= Problem to work on =
After locating "Physics Tutorials: This" in the listing below, copy that line and each one after it exactly, ending with the line that has "Surly Wool Pocket T - brown - front view".

= The input =
========================

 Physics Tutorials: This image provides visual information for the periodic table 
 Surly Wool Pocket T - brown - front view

========================

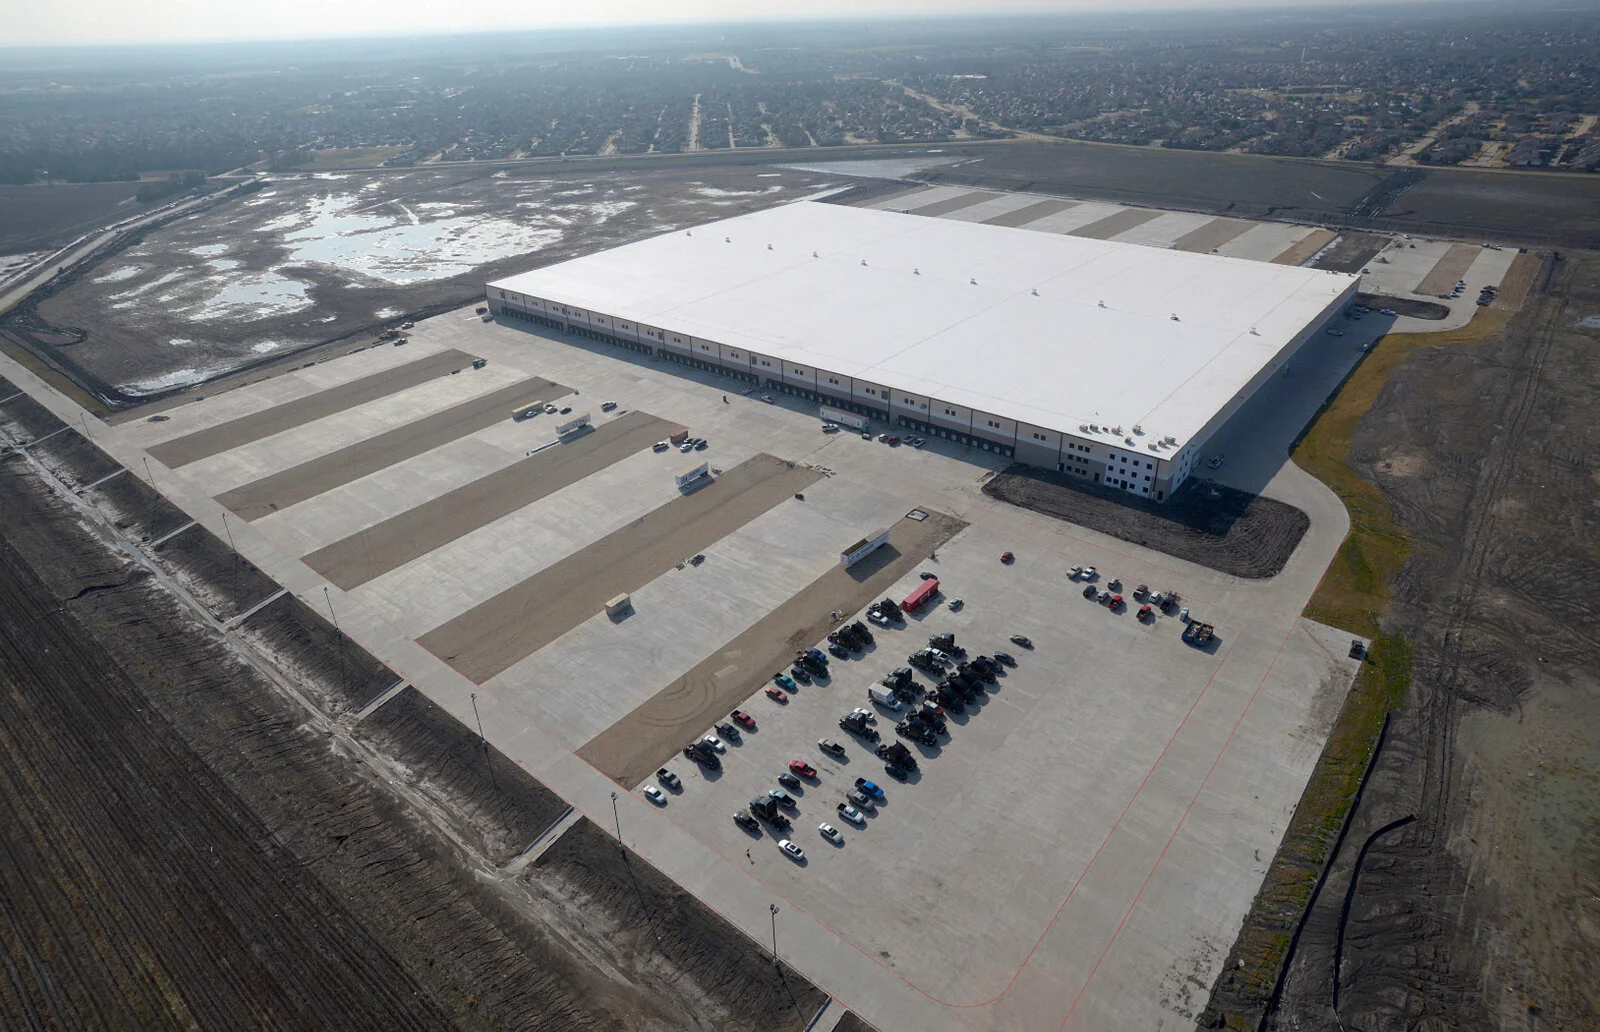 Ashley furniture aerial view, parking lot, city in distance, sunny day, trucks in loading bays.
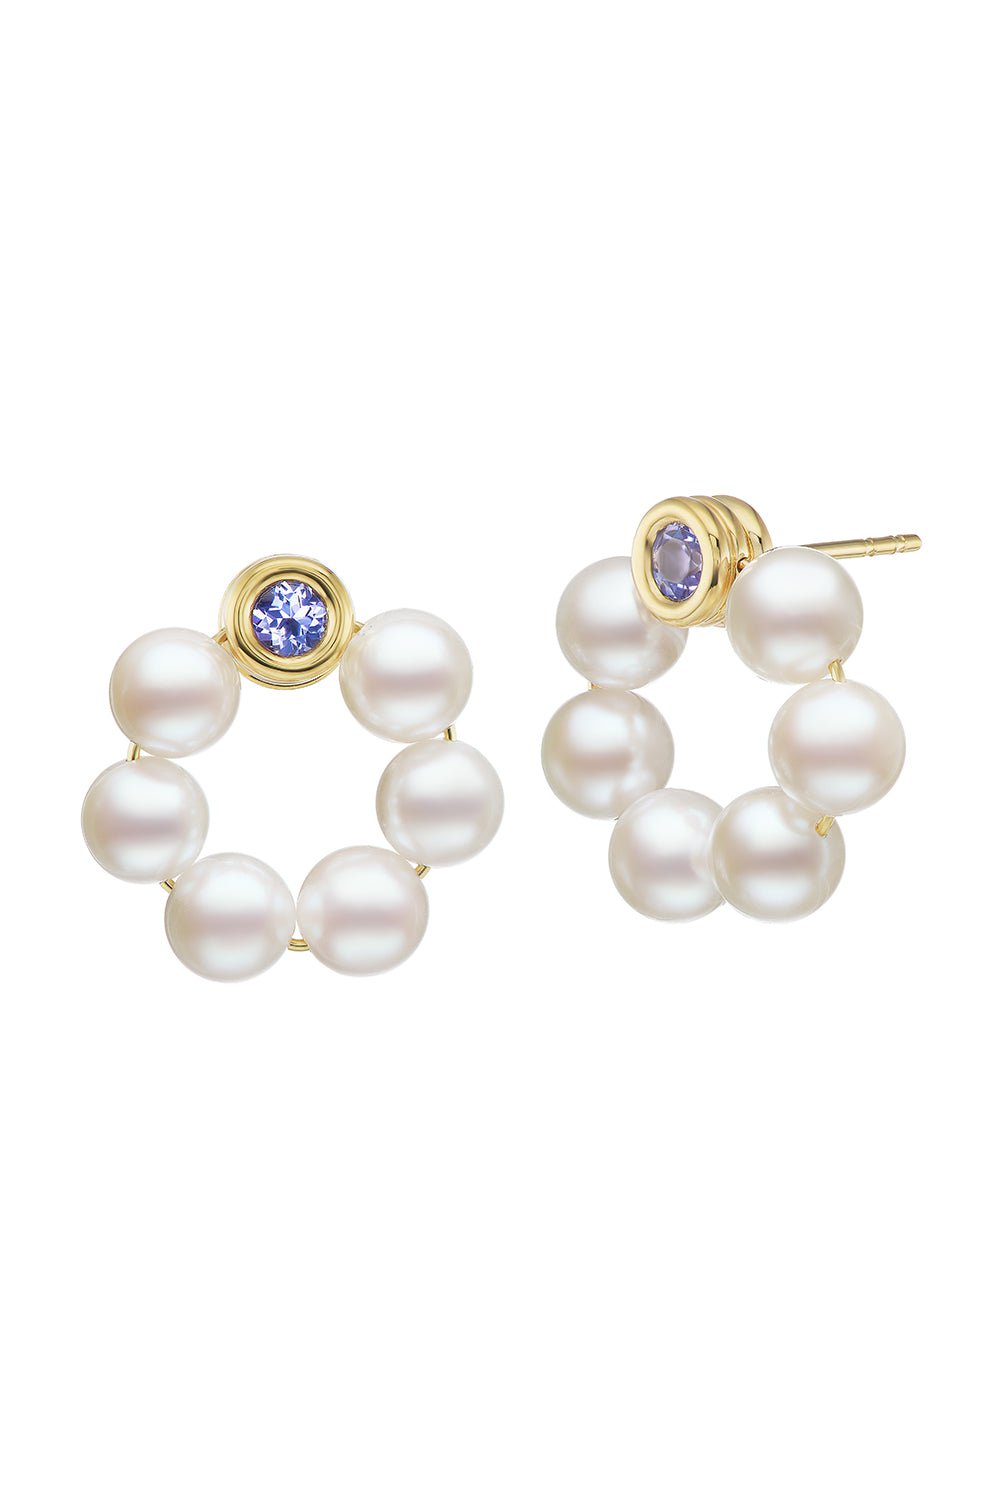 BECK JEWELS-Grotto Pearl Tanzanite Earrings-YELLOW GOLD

========================

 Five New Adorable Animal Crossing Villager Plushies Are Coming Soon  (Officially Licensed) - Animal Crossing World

========================

= Task response =
 Physics Tutorials: This image provides visual information for the periodic table 
 Surly Wool Pocket T - brown - front view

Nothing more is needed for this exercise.